I also differ with you in the choice to toss out distance information. I beleive that there are factors correlated to distance that might be interesting here. Perhaps you might find distance corresponding to adjusted arrival delays, but not to departure delays -- because the longer you're in the air, the more likely it is that adverse weather, etc., could delay you. This might indicate that the airline should focus its efforts on departure delays, over which perhaps they can exert more control than they can exert over the weather (although of course, preparing for longer flights might concievably take longer than preparing for shorter ones, so this could muddy the interpretation of the data).

And lastly, I would suggest you think about reconsidering your use of color. It strikes me as at best redundant, and at worst distracting, to always highlight the bar with the greatest magnitude by giving it a distinct color (ie., red here).
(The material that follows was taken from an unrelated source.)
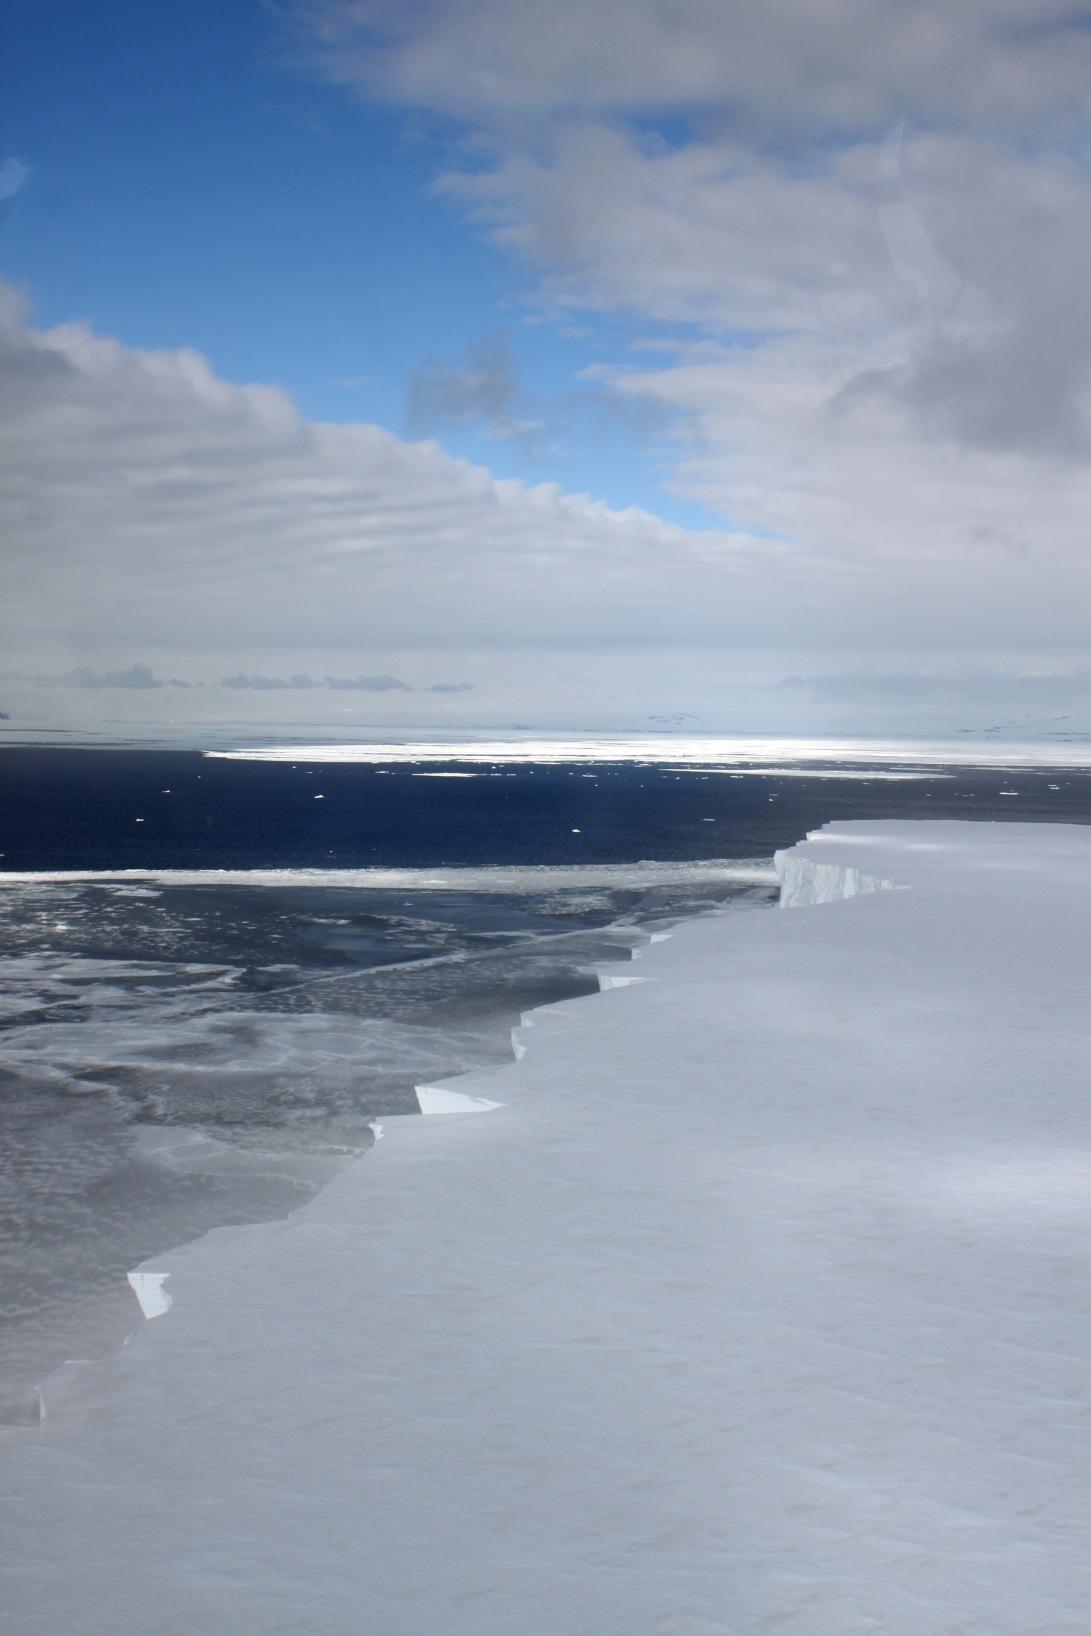 helo 4 mile iceberg.jpg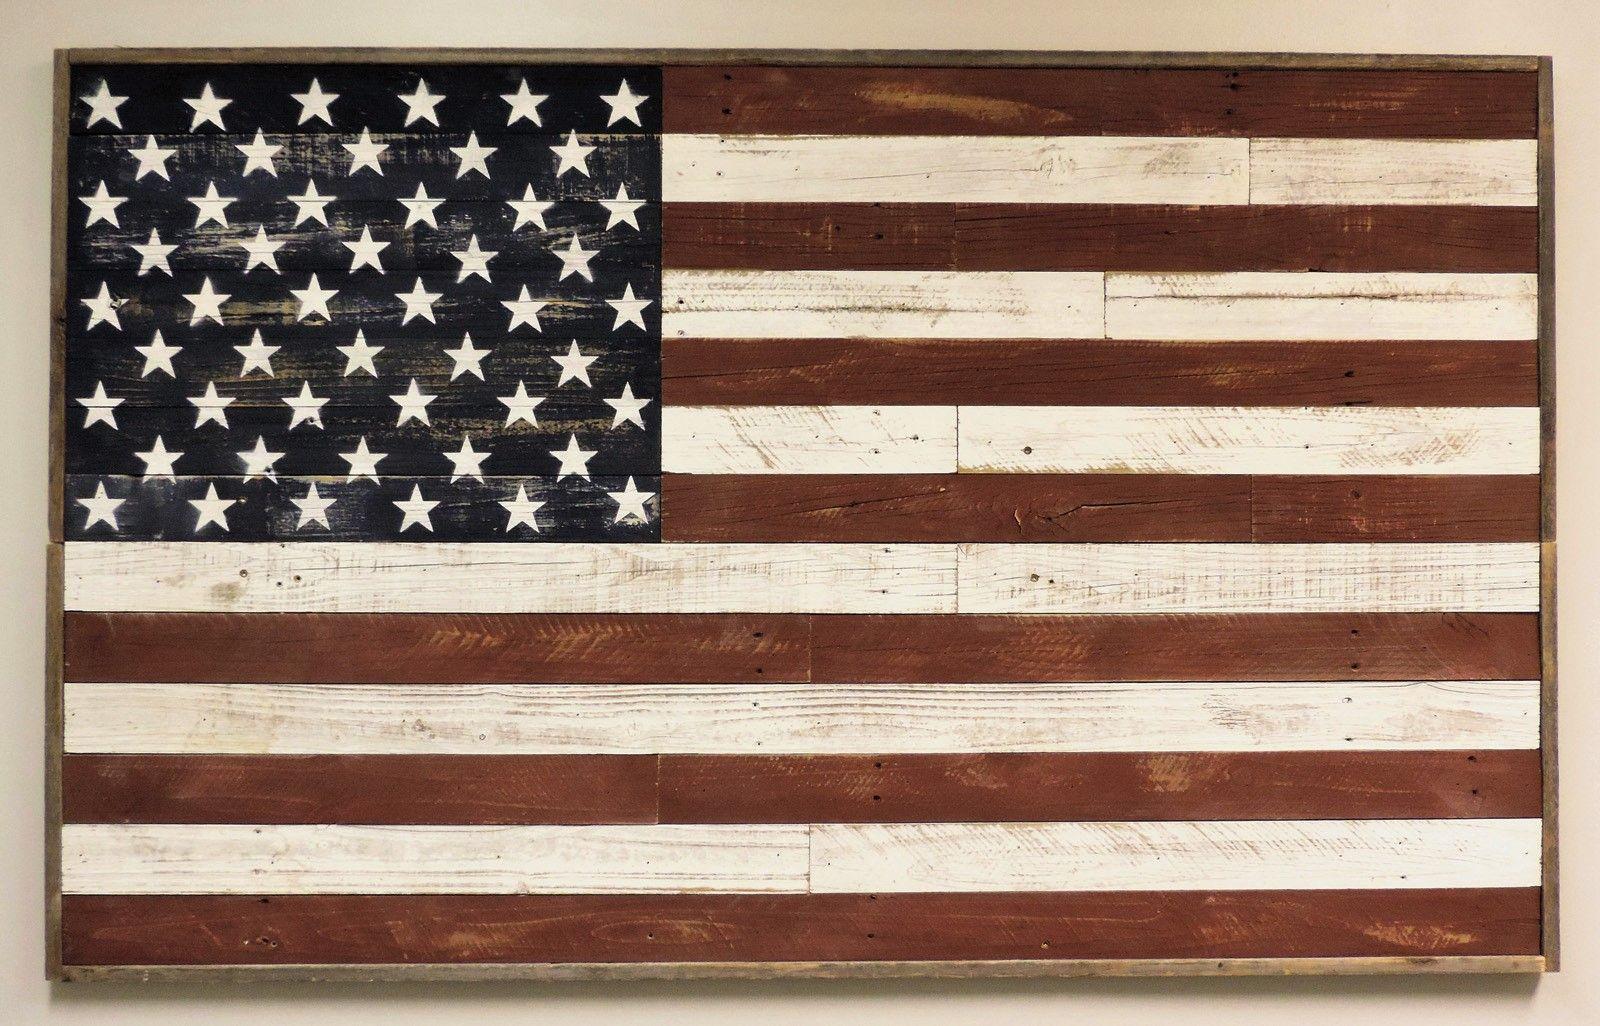 Full Size Barnwood American Flag Wall Art 3 X 5 Rustic Etsy American Flag Wall Art American Flag Wood Reclaimed Barn Wood

In the horizontal bar charts, the greatest magnitude is indicated by a) the bar's length, b) its position at the top, and c) its color. This strikes me as overkill. I think that the longest length is sufficient. Even if you re-ordered the chart according to some criteria, you'd still be able to make sense out of it by appealing to the relative lengths of the bars, without the use of the red color. Then, if you are going to have a highlighted bar for details-on-demand, just highlight that one (as opposed to having competing highlighting schemes, such as red vs. black-outline). It's just an opinion. But maybe somebody would want to focus on something other than the greatest magnitude.